ABOUT THIS TASK
Would you return the listing that follows exactly, leaving its pictures behind?

DATASET EXTRACT

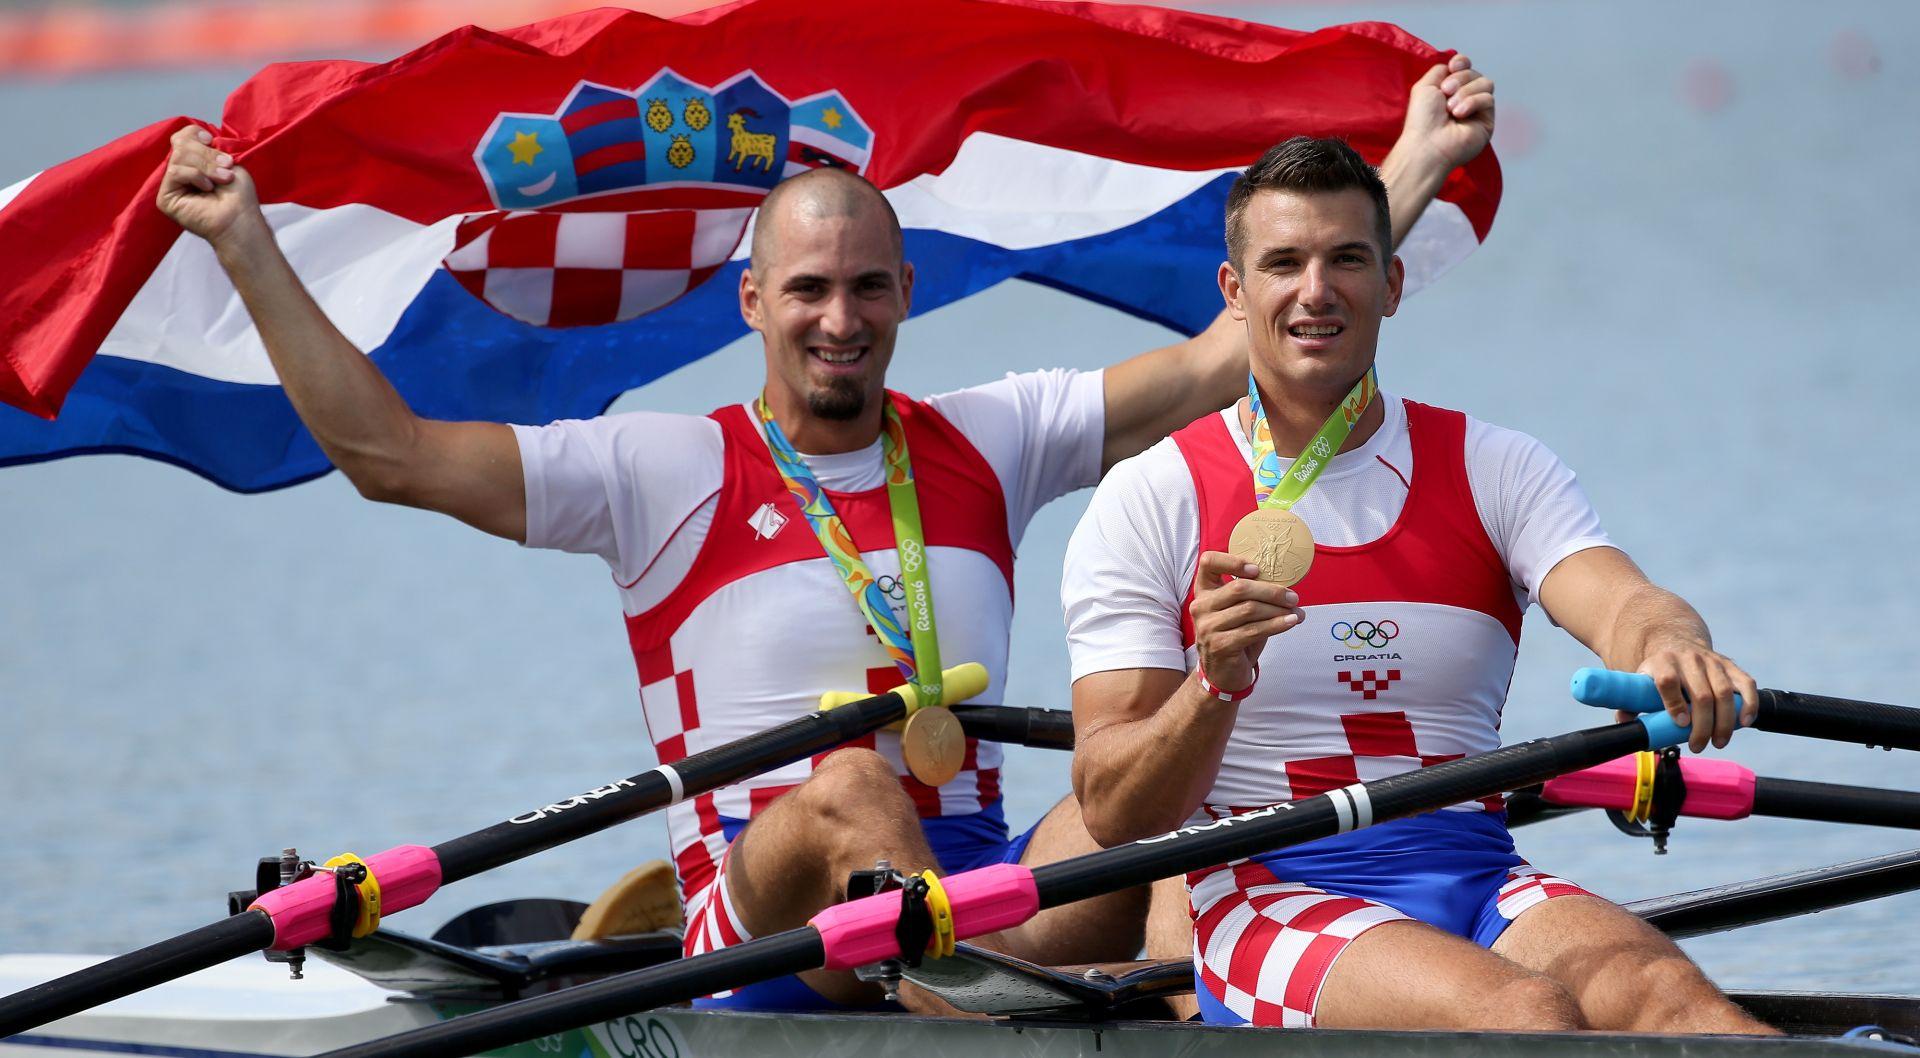 Braća Sinković kreću u nove izazove
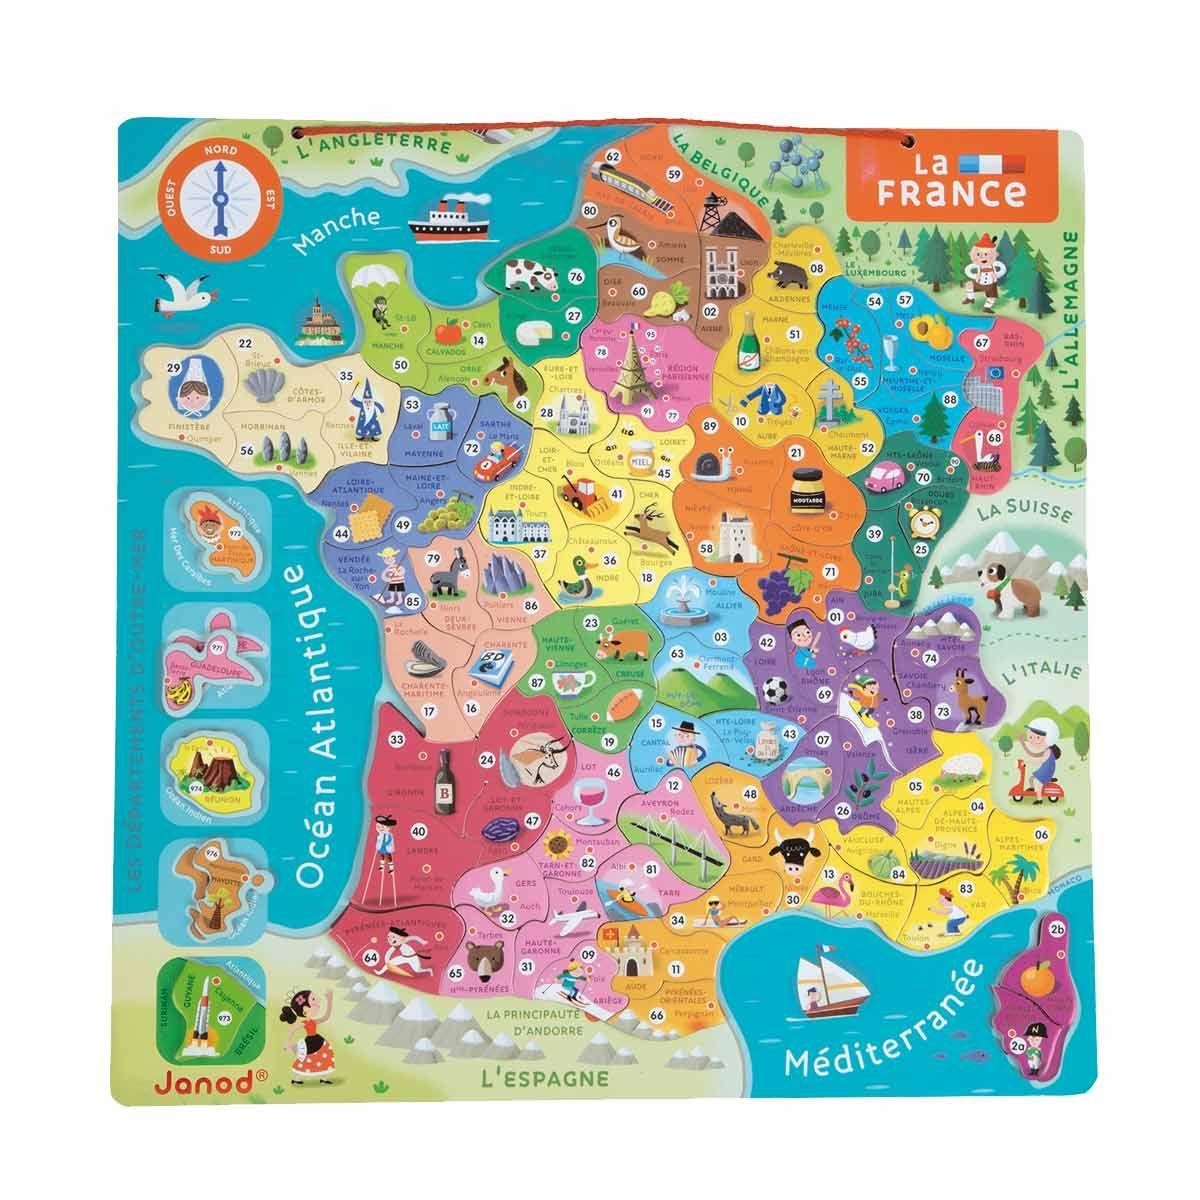 Carte De France Magnétique Pour Enfant De 7 Ans À 12 Ans avec Carte De France Pour Enfant
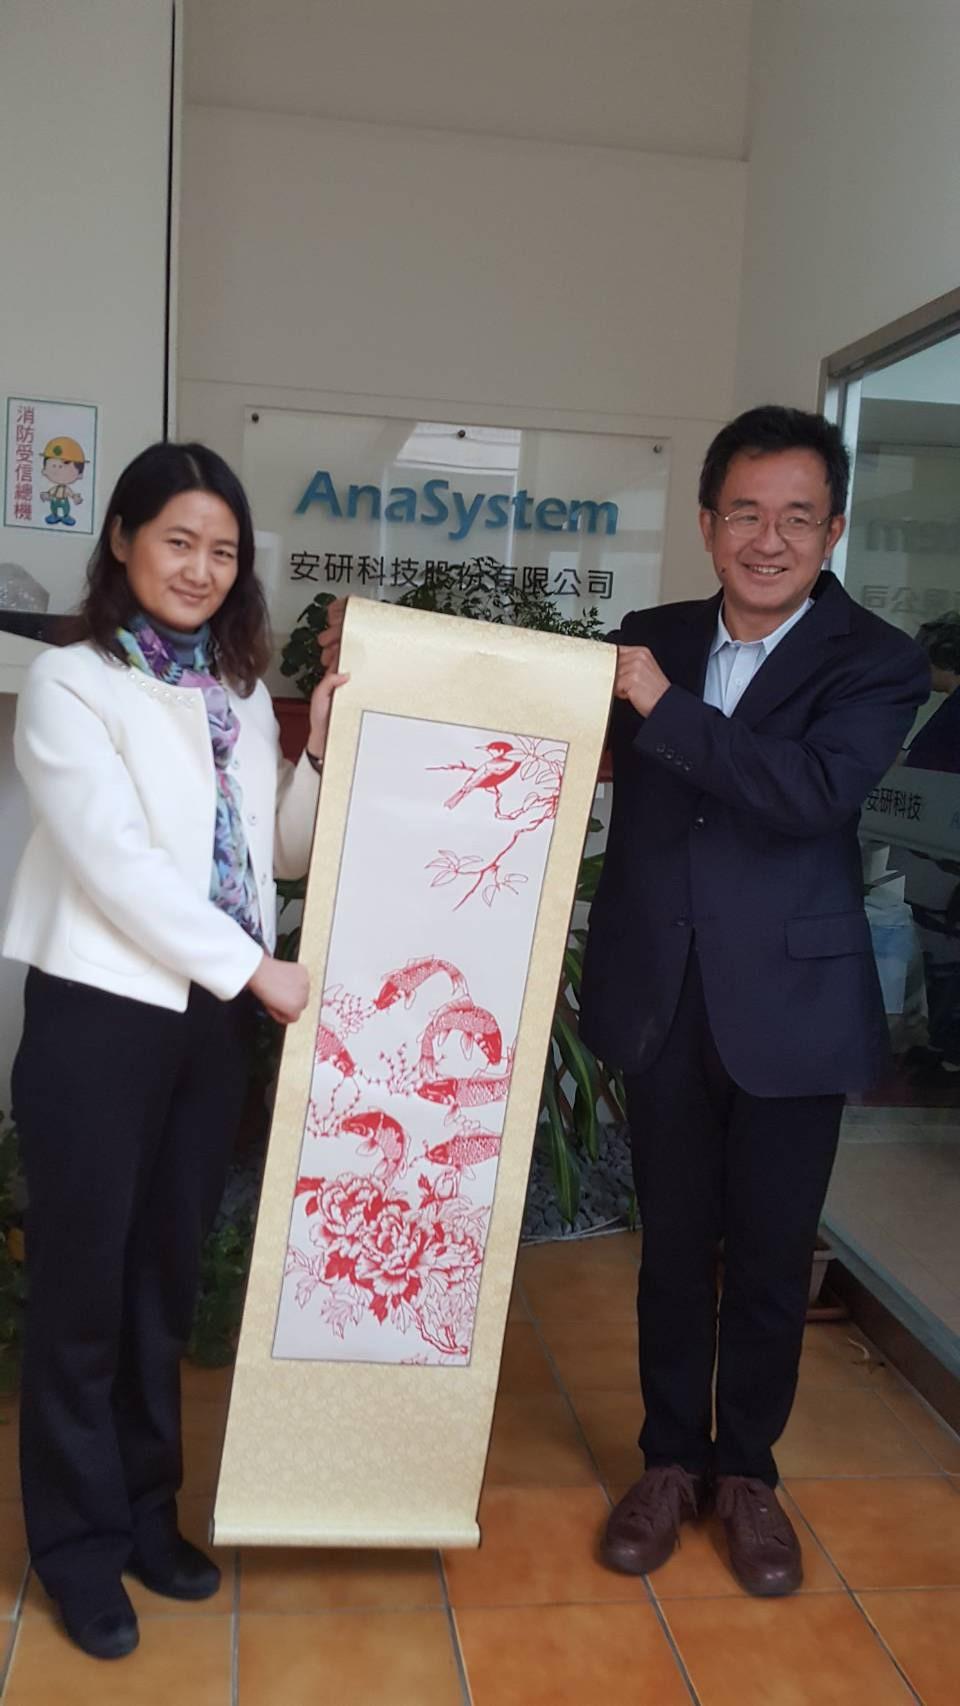 北京市朝陽區環境保護局冷春華副局長一行人拜訪安研科技

RESULT FOR THIS TASK
 Braća Sinković kreću u nove izazove
 Carte De France Magnétique Pour Enfant De 7 Ans À 12 Ans avec Carte De France Pour Enfant
 北京市朝陽區環境保護局冷春華副局長一行人拜訪安研科技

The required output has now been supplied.